START Data listing
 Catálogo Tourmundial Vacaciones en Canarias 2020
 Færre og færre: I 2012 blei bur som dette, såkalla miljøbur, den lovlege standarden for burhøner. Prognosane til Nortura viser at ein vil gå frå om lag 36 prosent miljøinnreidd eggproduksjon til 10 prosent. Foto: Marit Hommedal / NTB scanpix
END Data listing
START Data listing
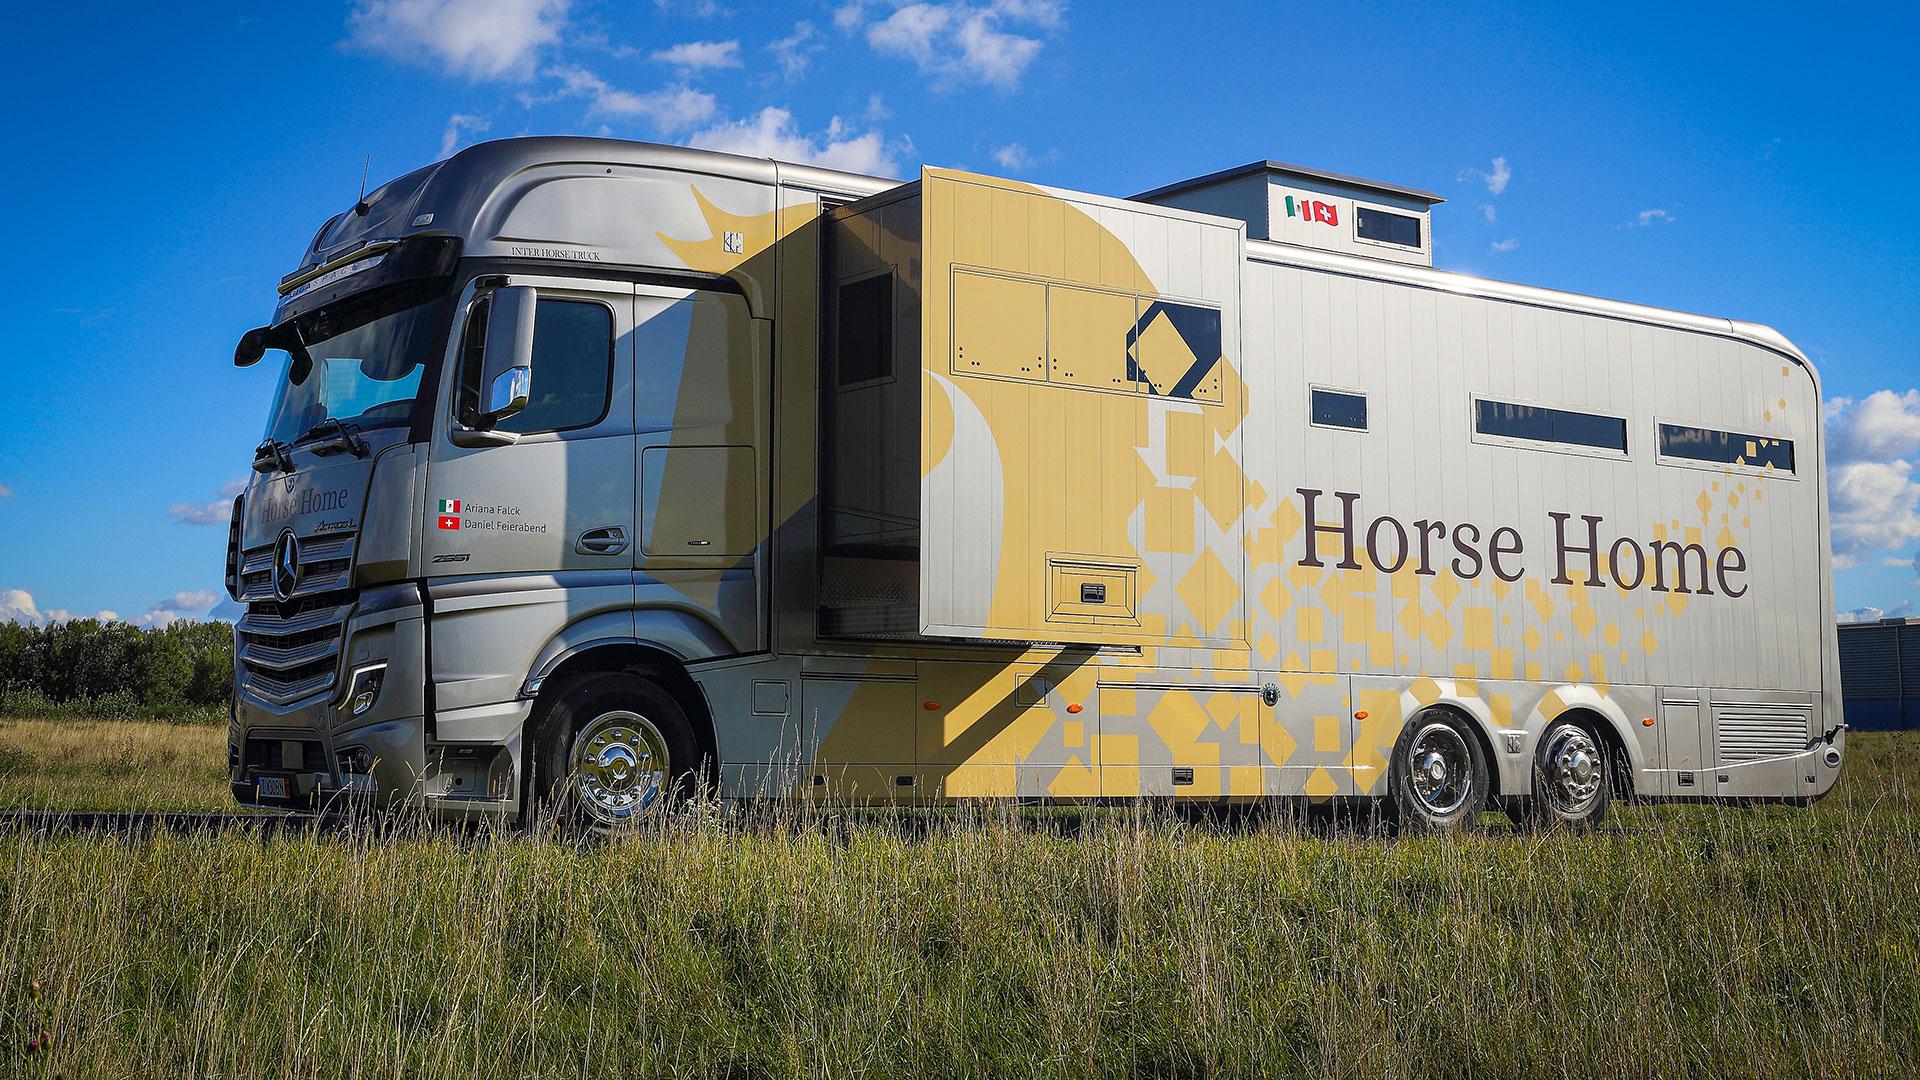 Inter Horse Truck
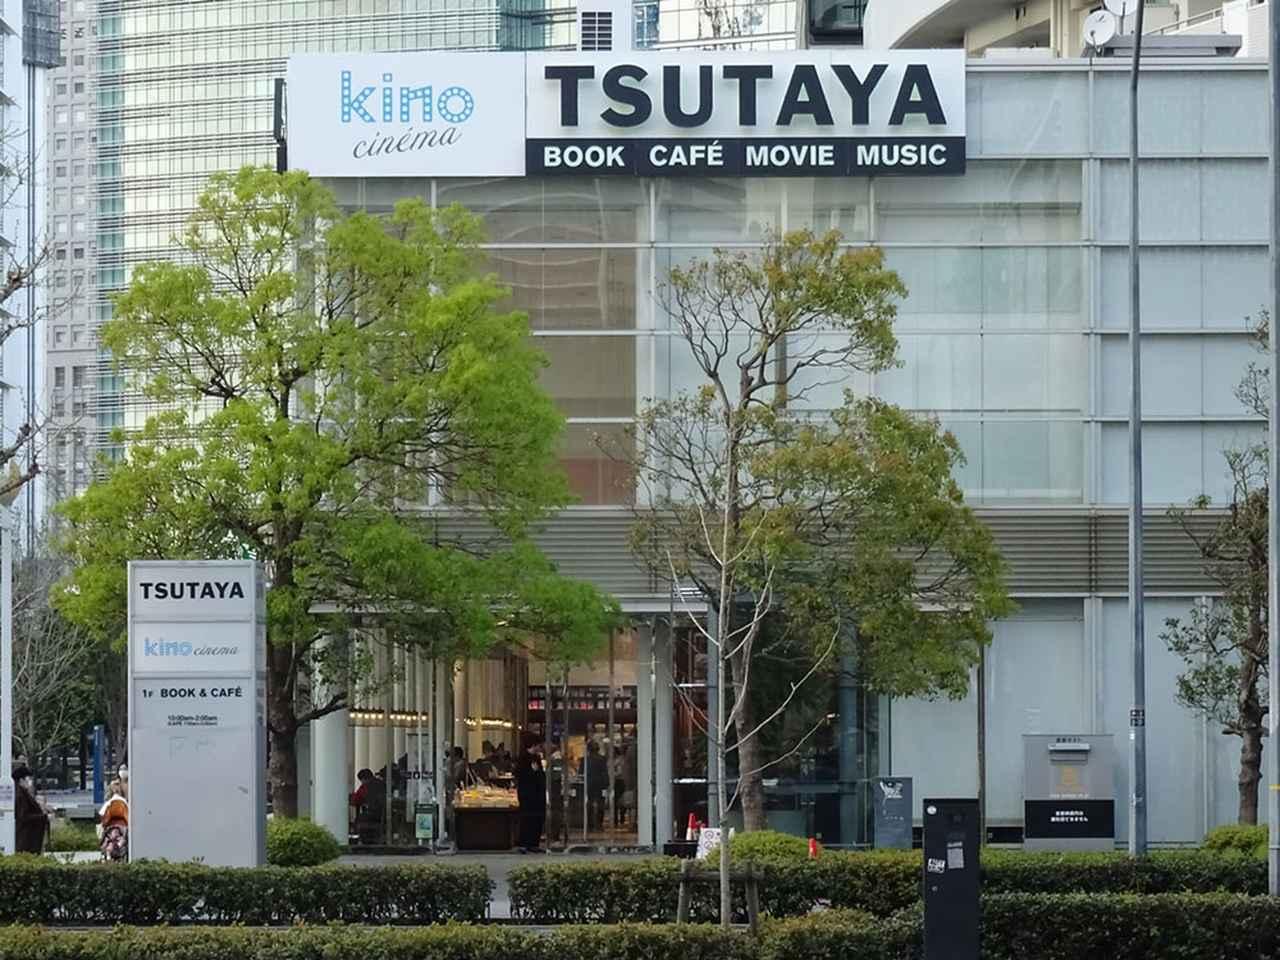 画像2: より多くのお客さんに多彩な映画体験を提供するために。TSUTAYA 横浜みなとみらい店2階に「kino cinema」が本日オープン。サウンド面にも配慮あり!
END Data listing
The task — Everything above from the line containing "Inter Horse Truck" down to the line containing "画像2: より多くのお客さんに多彩な映画体験を提供するために。TSUTAYA 横浜みなとみらい店2階に「kino" is to be duplicated exactly, both lines included, and the pictures are to be omitted.

Exercise response —
 Inter Horse Truck
 画像2: より多くのお客さんに多彩な映画体験を提供するために。TSUTAYA 横浜みなとみらい店2階に「kino cinema」が本日オープン。サウンド面にも配慮あり!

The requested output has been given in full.